• Required work:
Only the pictures are dropped; the lines of the material that follow are returned exactly.

• Dataset excerpt:
---*---

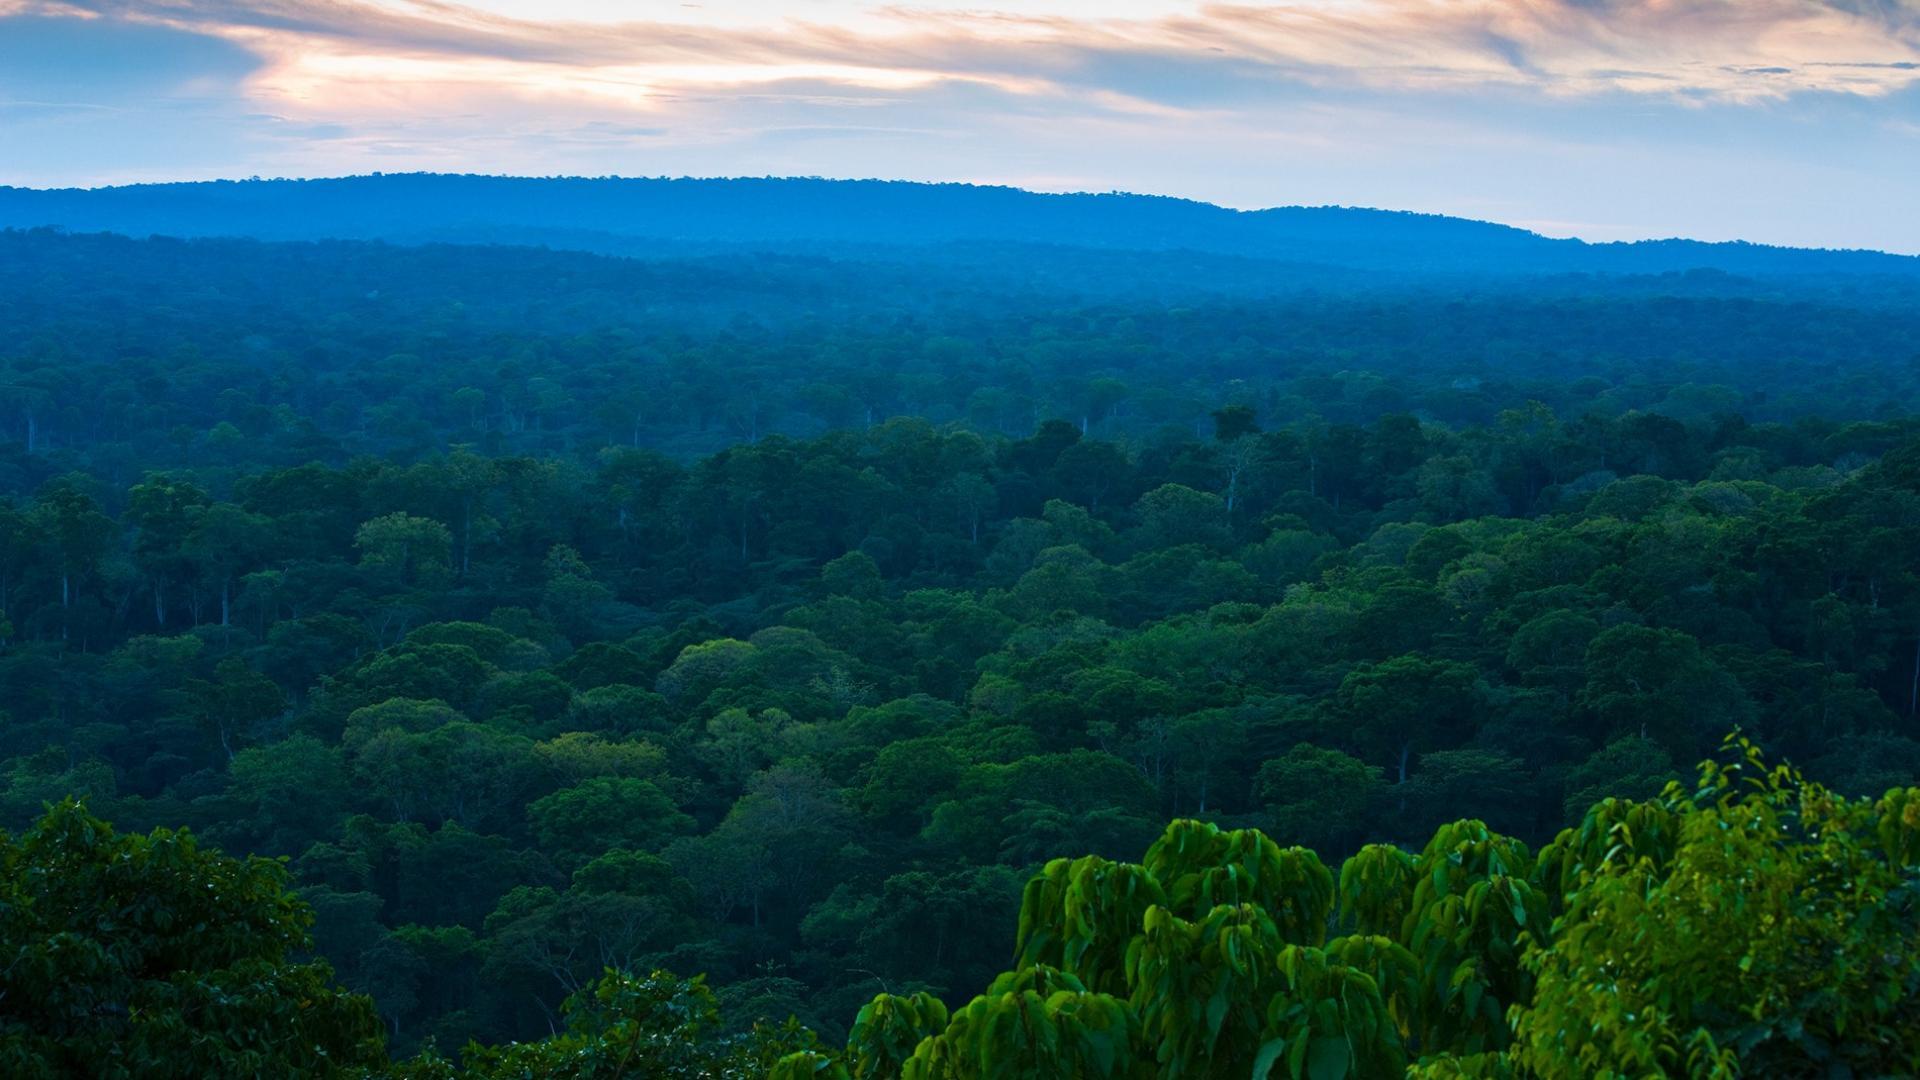 Foret tropicale province equateur republique democratique du congo
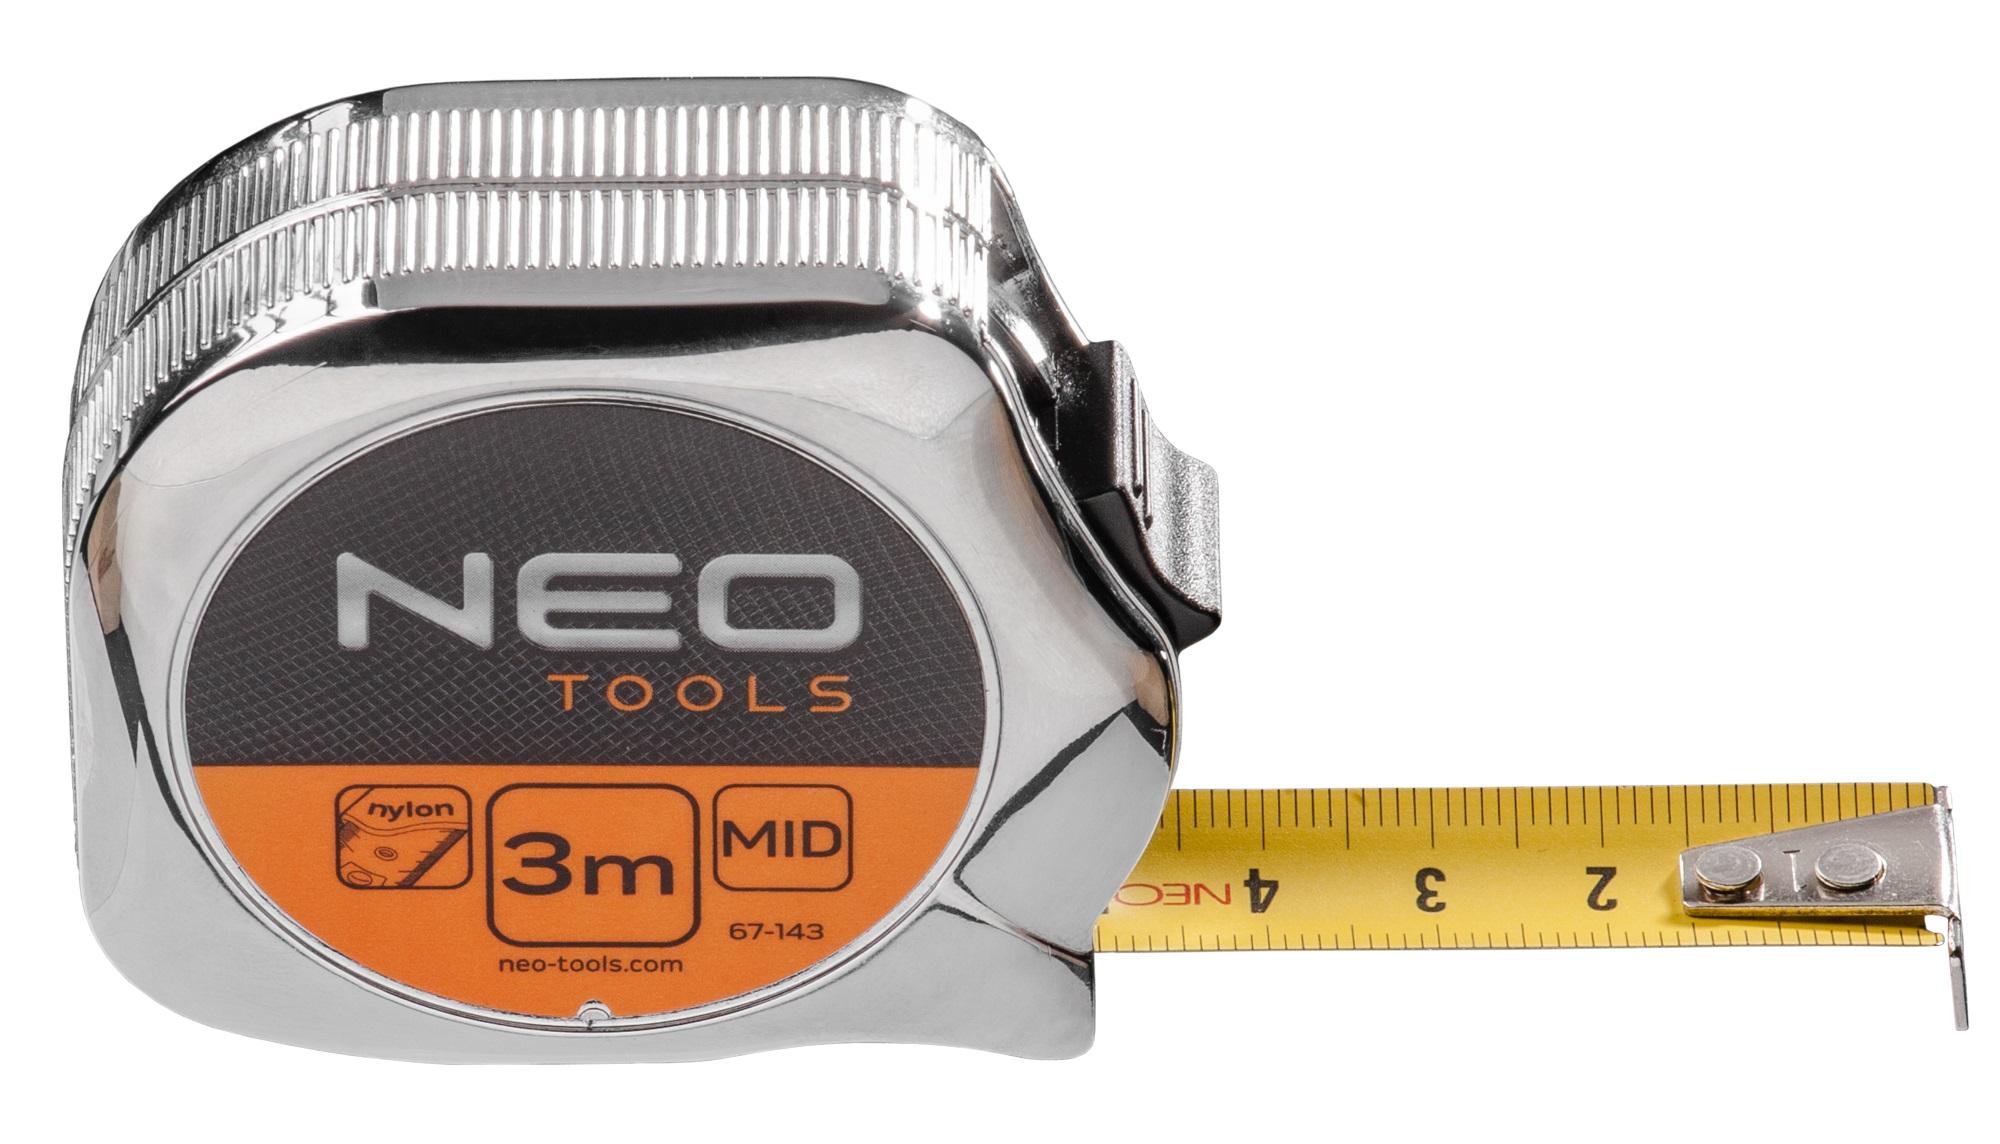 Neo Tools 67-143 Рулетка, сталева стрiчка3 м x 16 мм
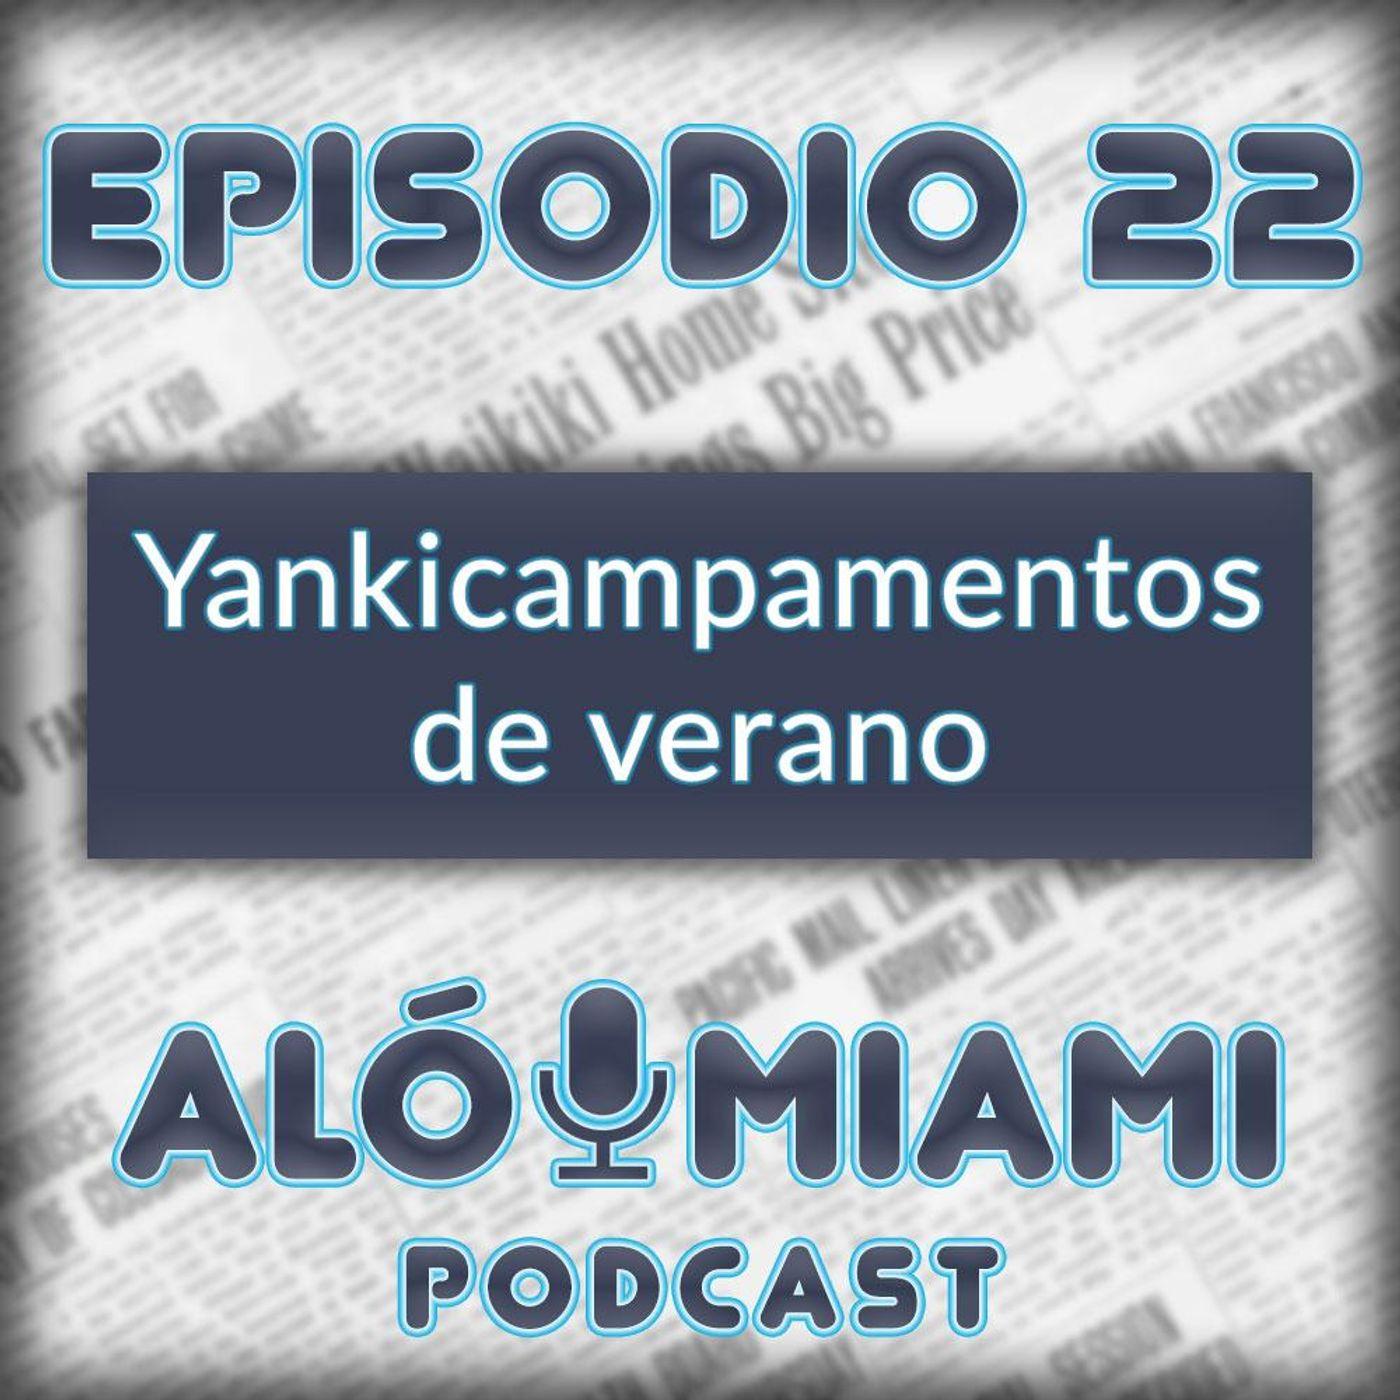 Aló Miami- Ep. 22 - Yankicampamentos de verano

---*---

• Problem solution:
 Foret tropicale province equateur republique democratique du congo
 Neo Tools 67-143 Рулетка, сталева стрiчка3 м x 16 мм
 Aló Miami- Ep. 22 - Yankicampamentos de verano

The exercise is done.